Biden also uses healthcare as a means to talk about “my buddy,” President Obama, whose popularity among Democrats has buoyed the former vice president. While he has always been proud to have served as Obama’s vice president, Biden says the passage of the Affordable Care Act was one of the administration’s high points.
“I told President Obama it was a big deal or something to that effect,” Biden, referring to his infamous hot-mic moment when he was caught whispering that it was a “big [expletive] deal,” says to laughs. “Thank God, my mom wasn’t around.”
The biggest applause lines often come at Trump’s expense, though.
Democrats loved Biden’s call to fight the “Trump-DeVos education agenda.” And they nodded in agreement when he described the president as an historic aberration.
After launching his campaign last week with a direct shot at Trump by recalling the president’s response to the violent 2017 protests in Charlottesville, Biden at his subsequent speeches accused Trump of dog-whistling white supremacists in such a way that it recalled Alabama’s segregationist Gov. “George Wallace in the 1960s.”

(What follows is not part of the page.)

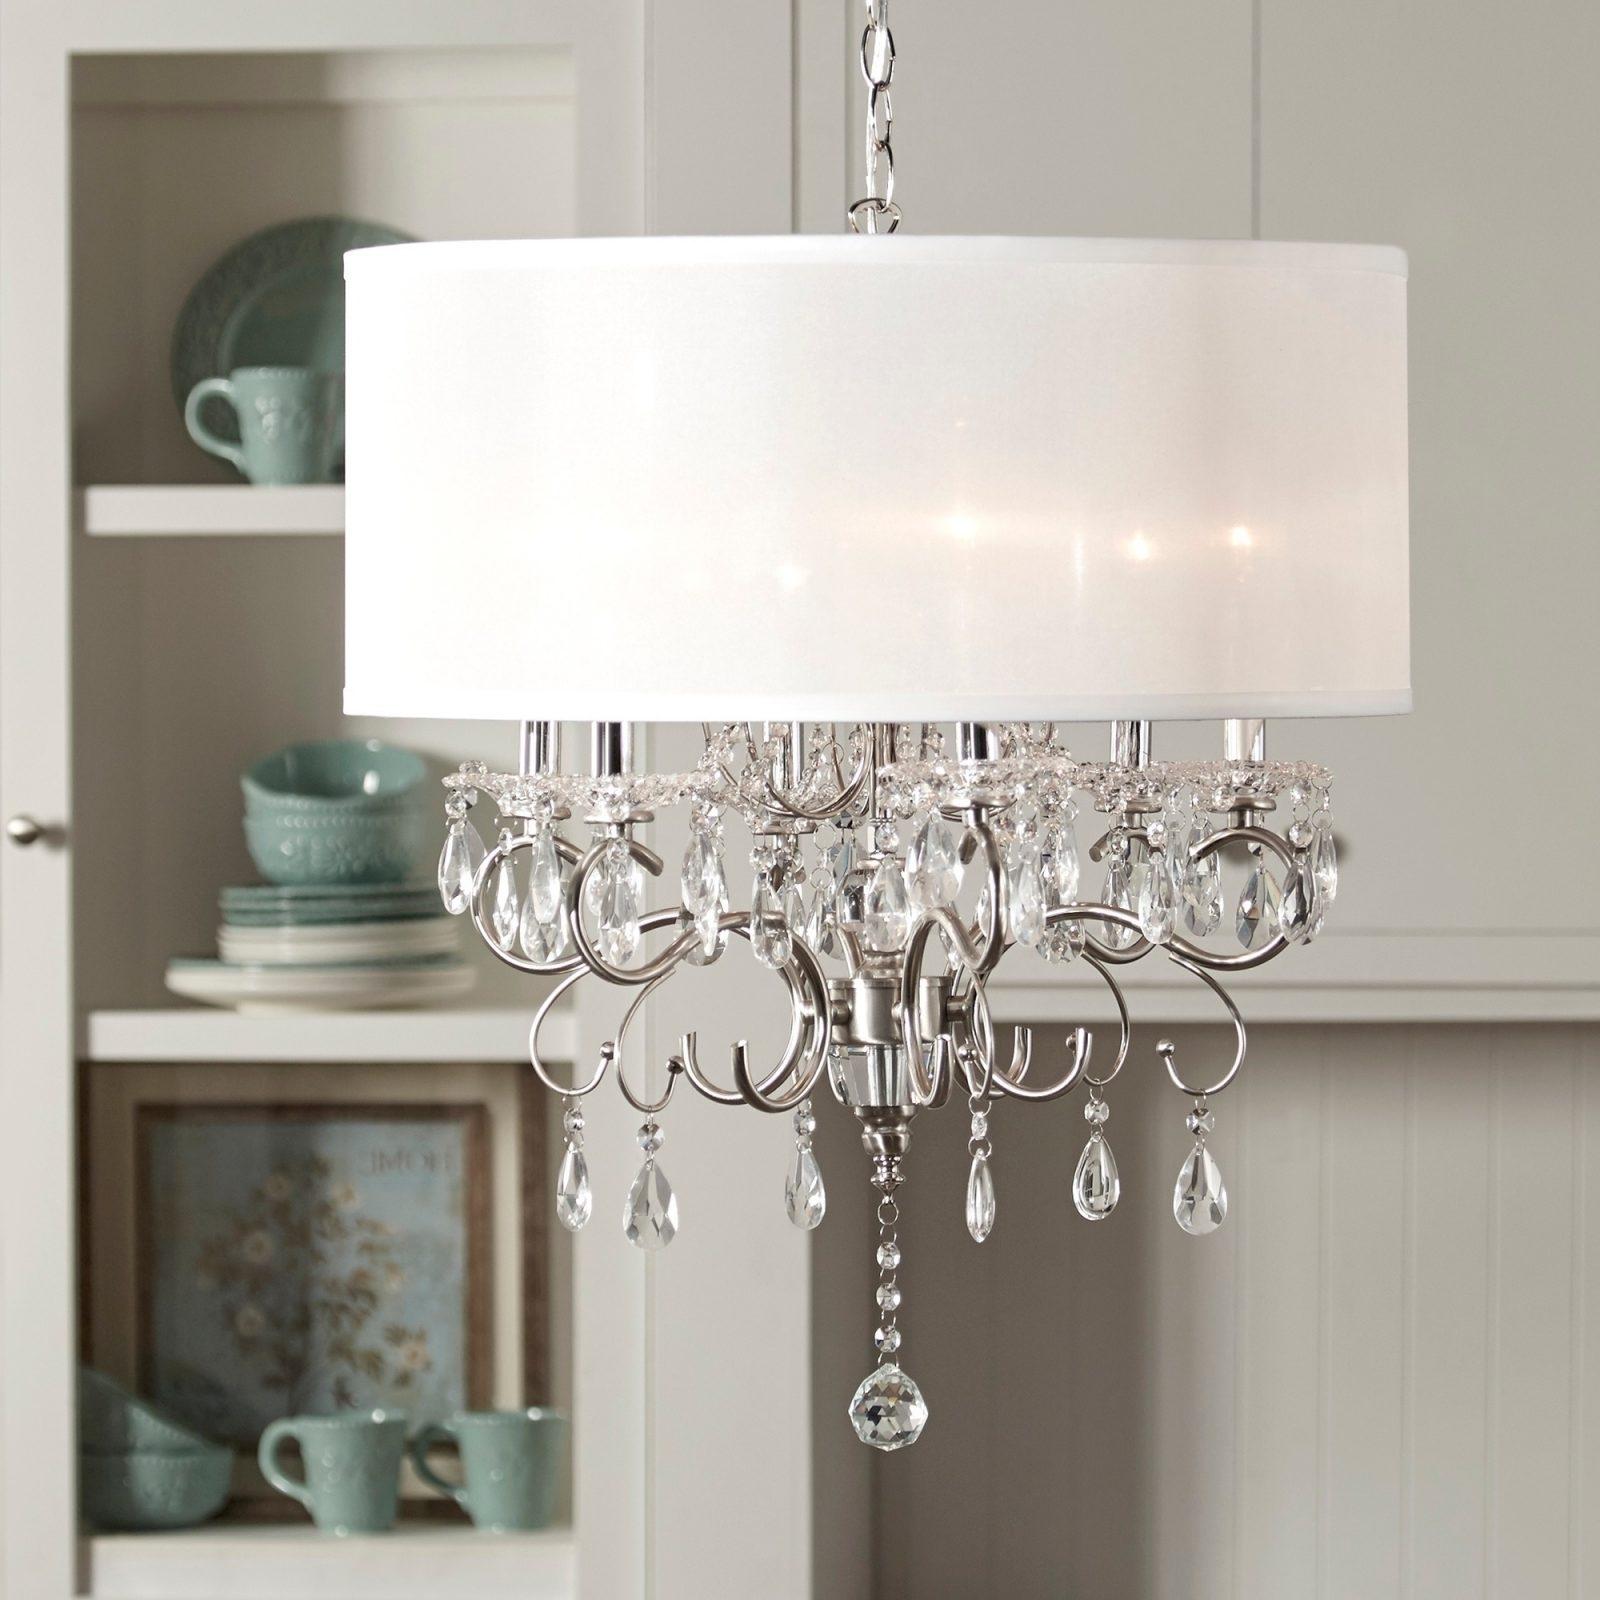 Bathroom Crystal Light Fixtures Swarovski Lighting Faucets With Most Popular Crystal Bathroom Chandelier (View 13 of 15)

“The anti-Semitic chants about Jews in America could be heard around the world — around the world. Hatred is on the march. And he knew it,” Biden said of Trump’s response to the protests.

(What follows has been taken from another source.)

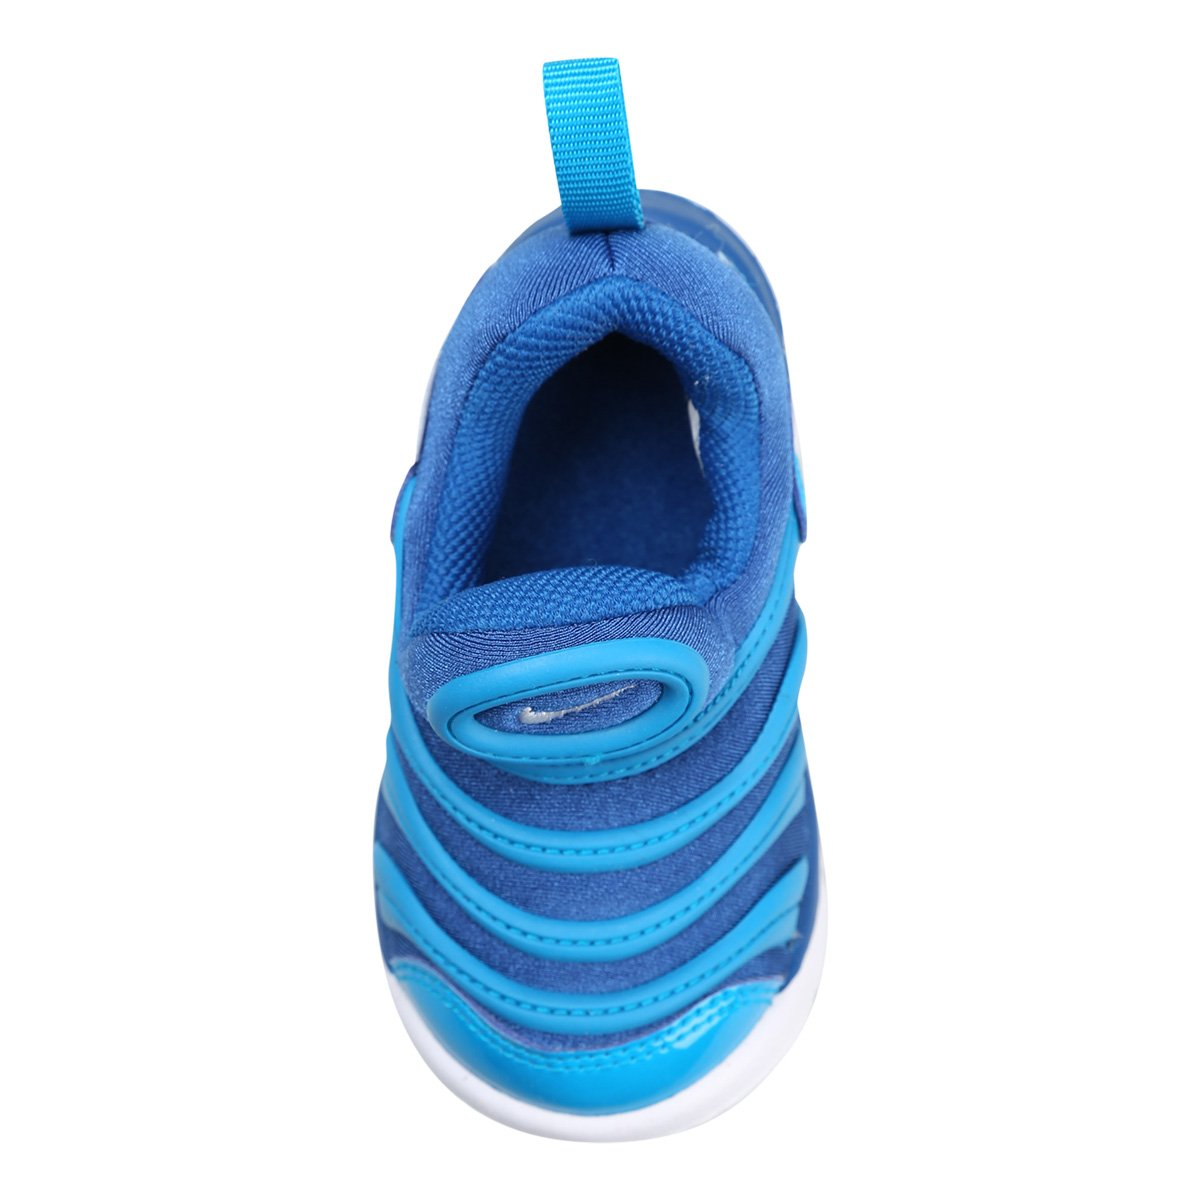 low priced a9b67 8b9fd ... Tênis Infantil Nike Dynamo Free TD Masculino

Biden says Trump’s response to Charlottesville was crucial in inspiring him to run. He tells crowds that the American system was only able to absorb the shock of the Trump presidency for four years.
“This is not who we are. This is not who the vast majority of the American people are,” Biden says. “That’s why above all else, we have to put an end, electorally, to this administration.”
Beyond that, the specifics were still to come.
“I have an ambitious plan to rebuild this country — from cleaner renewable energy, cleaner safer transportation, a whole range of things — that I’m going to be laying out,” Biden said. “But you’re going to be laying out on the floor if I keep going, if I laid it all out.”